The most powerful storm to hit Japan since World War II churned north along the nation’s eastern islands Sunday, buffeting them with heavy rain and 110-mph winds.

There were no immediate reports of serious injuries.

Forecasters said Tokyo, initially said to be in Typhoon Oscar’s direct path, might escape its full force. But the Central Meteorological Agency warned of typhoon conditions and said Tokyo could receive up to 12 inches of rain between Saturday night and Monday morning.

In central Japan, pedestrians exposed to driving rain struggled to stand as the wind collapsed umbrellas and whipped up waves in coastal areas.

Police said several major freeways were shut down in the Tokyo area, and dozens of domestic flights and sea ferries were canceled.

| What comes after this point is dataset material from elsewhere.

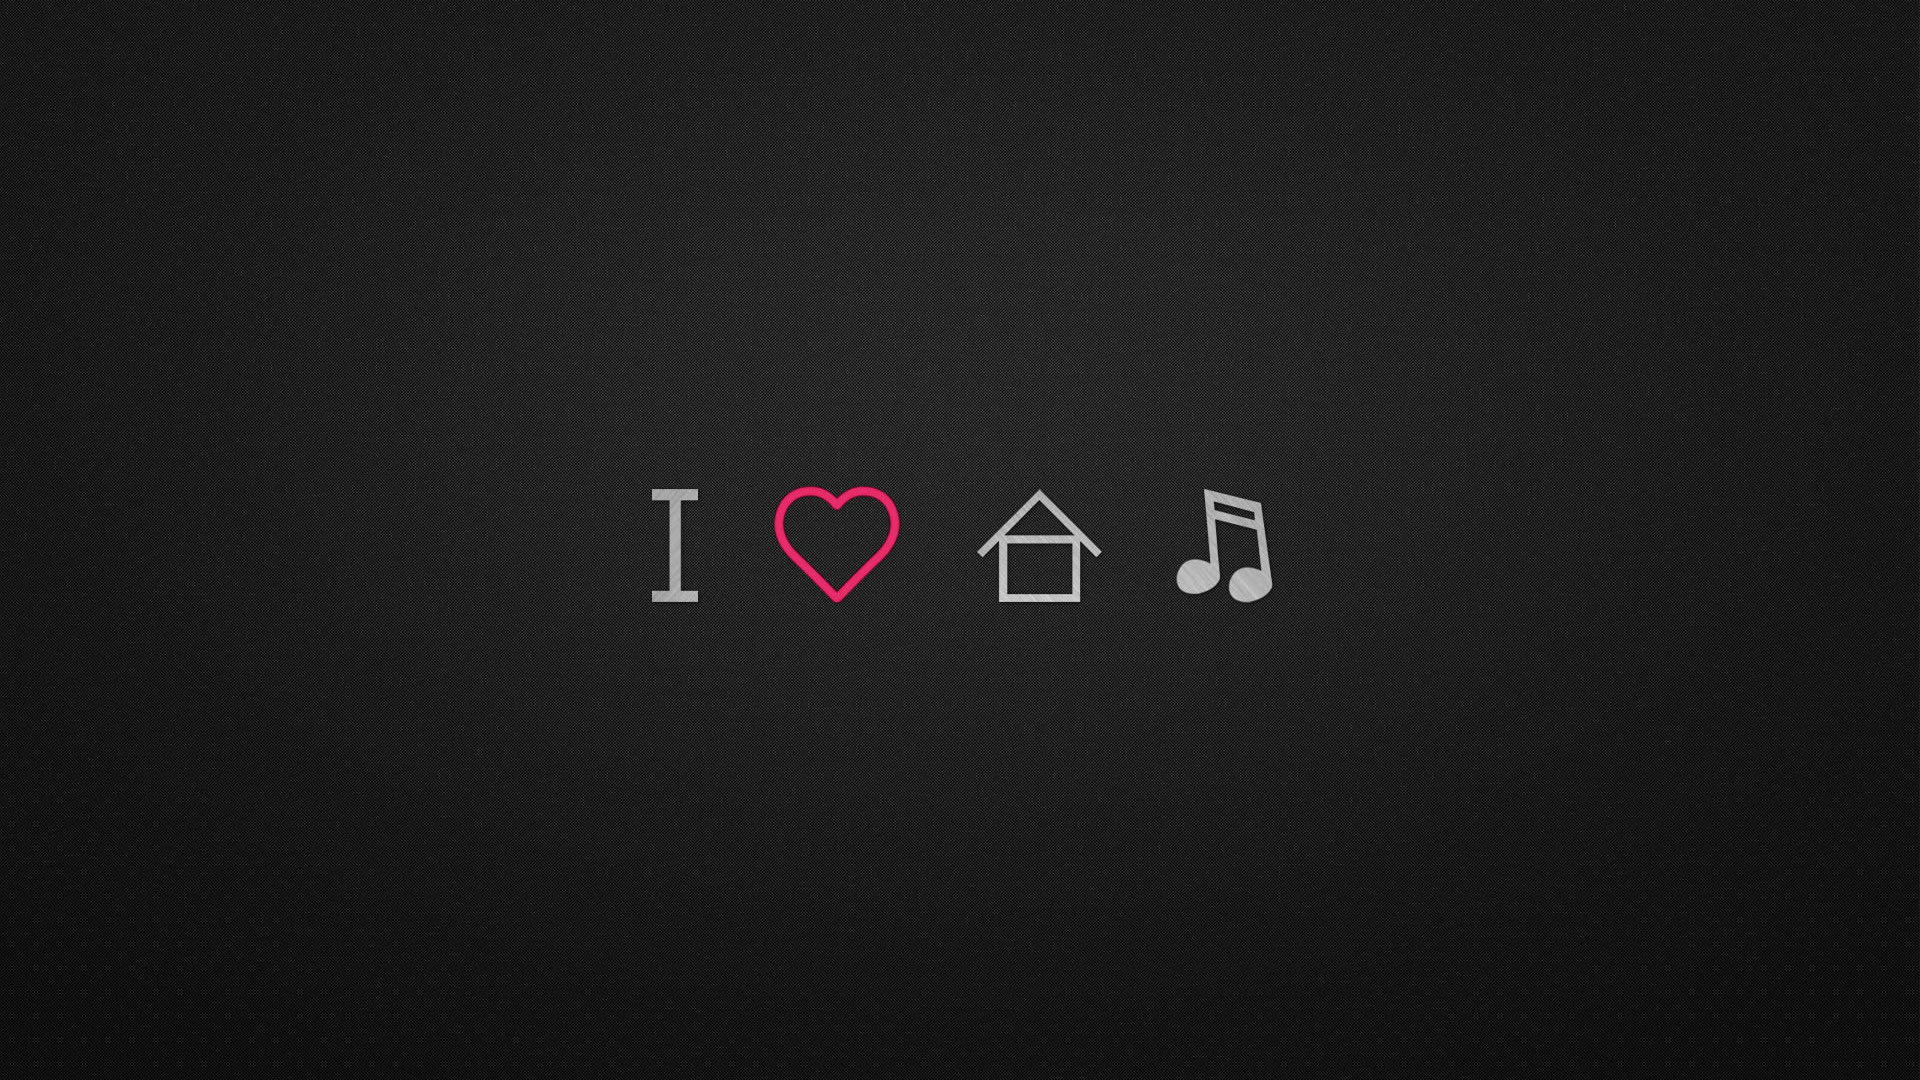 I, music, house, love

Storm and flood warnings were issued across most of Japan’s eastern coastal and central areas.

As the typhoon’s center moved north, the most powerful area near its center touched coastal areas southeast of Tokyo.

No major damage was reported overnight, police said. But officials warned the northern half of the country to brace for the worst of the storm, expected over the next 12 hours.

Early Sunday, the hardest-hit areas were islands in the Pacific south of Tokyo. Television footage late Saturday from Hachijo Island, about 150 miles south of Tokyo, showed a motorcyclist struggling to drive through water up to his waist and shopkeepers sweeping water from their stores.

In the Tokyo area, seven major train lines and subways reduced service Sunday morning, East Japan Railways said.

At 6 a.m. Sunday, Oscar was centered almost directly over Aoga Island, 225 miles south of Tokyo. It was moving north-northeast at 21 miles per hour.

Some meteorologists are calling Oscar a “supertyphoon,” saying it is the largest and most powerful to strike the region in a half-century.

Oscar is roughly as large and more powerful than the Ise Bay Typhoon of 1959, which left more than 5,000 people dead or missing, the agency said.

Another major storm, the Konogawa Typhoon of 1958, left 1,269 people dead or missing.